On peut également se demander où en est la Haute Autorité du Tourisme et les Agences régionales de développement qui étaient censées redéfinir la gouvernance du tourisme. Là non plus, le projet n’a toujours pas abouti et les professionnels se demandent pourquoi. Même l’Observatoire marocain du tourisme, qui était géré bénévolement par un privé, n’a pas trouvé de nouveau président après la fin du mandat de Kamal Bensouda, actuel directeur d’Atlas Hospitality. L’Observatoire du Tourisme est abrité et financé par le ministère et a un rôle fondamental dans la réalisation d’études et la diffusion des statistiques.

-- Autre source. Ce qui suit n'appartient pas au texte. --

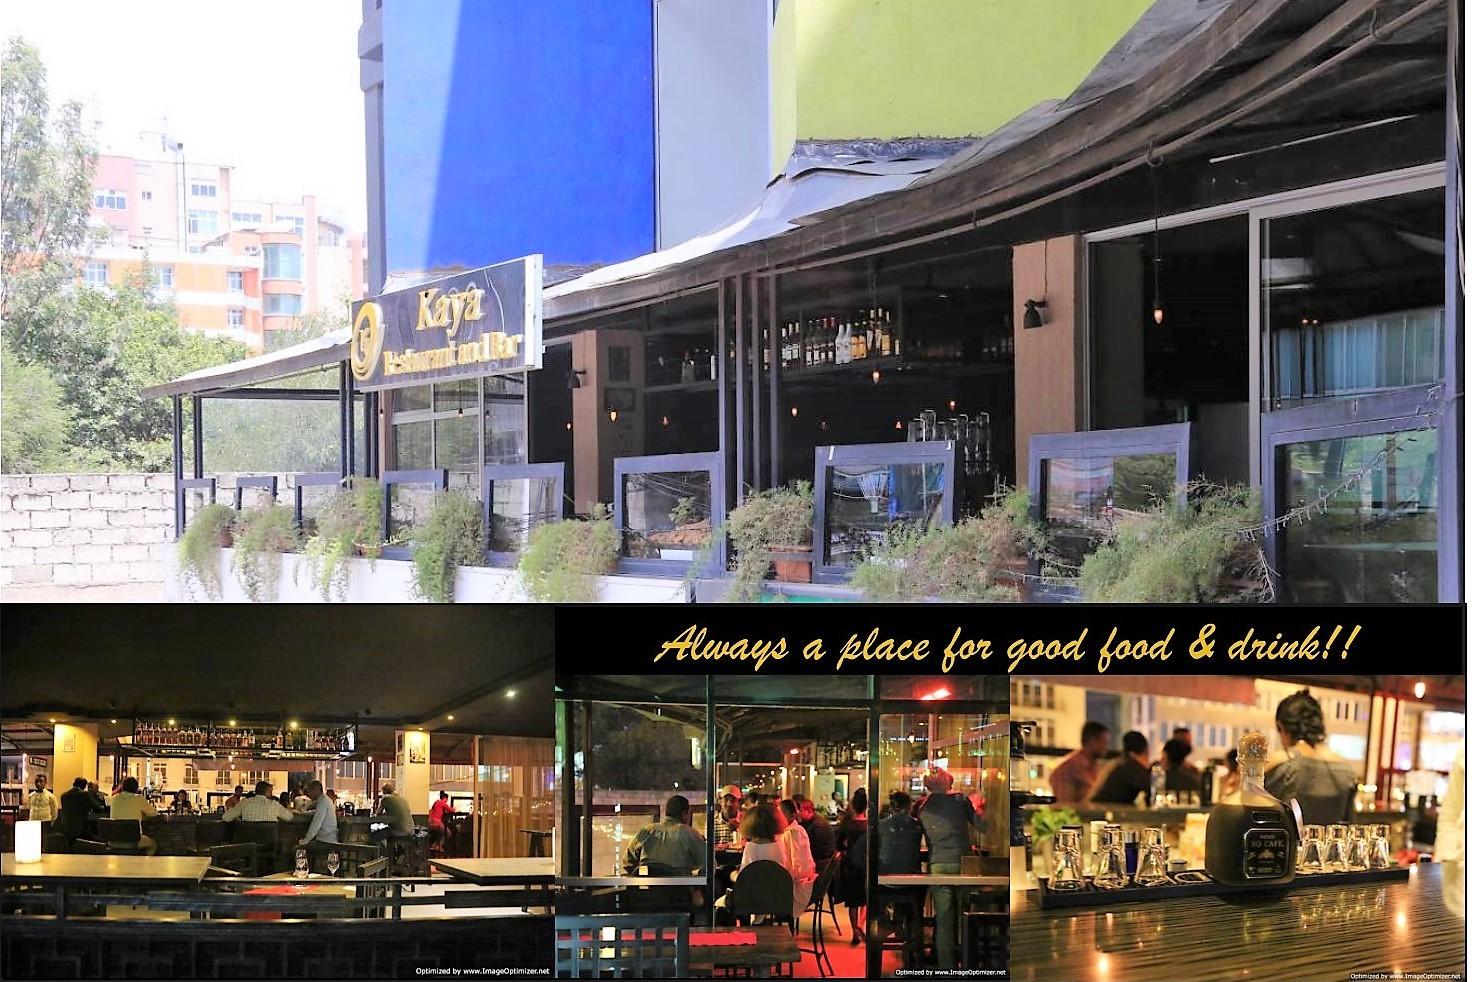 Kaya Restaurant & Bar! Always a place for good food & drink

En somme, Vision 2020 est en panne, et c’est normal que les professionnels du tourisme estiment que le secteur n’est plus la priorité du gouvernement. Là où l’automobile, l’aéronautique ou l’électronique réalisent une croissance à deux chiffres et commencent à rapporter des dizaines de milliards de dirhams en devises, l’activité touristique en est encore à ses objectifs de 2011. Quoi qu’il en soit, il y a autant de questions auxquelles Lahcen Haddad, le ministre du Tourisme, est censé répondre. Malheureusement, son département communication estime qu’en cette période de fin d’année, le délai donné par Le360 est trop court.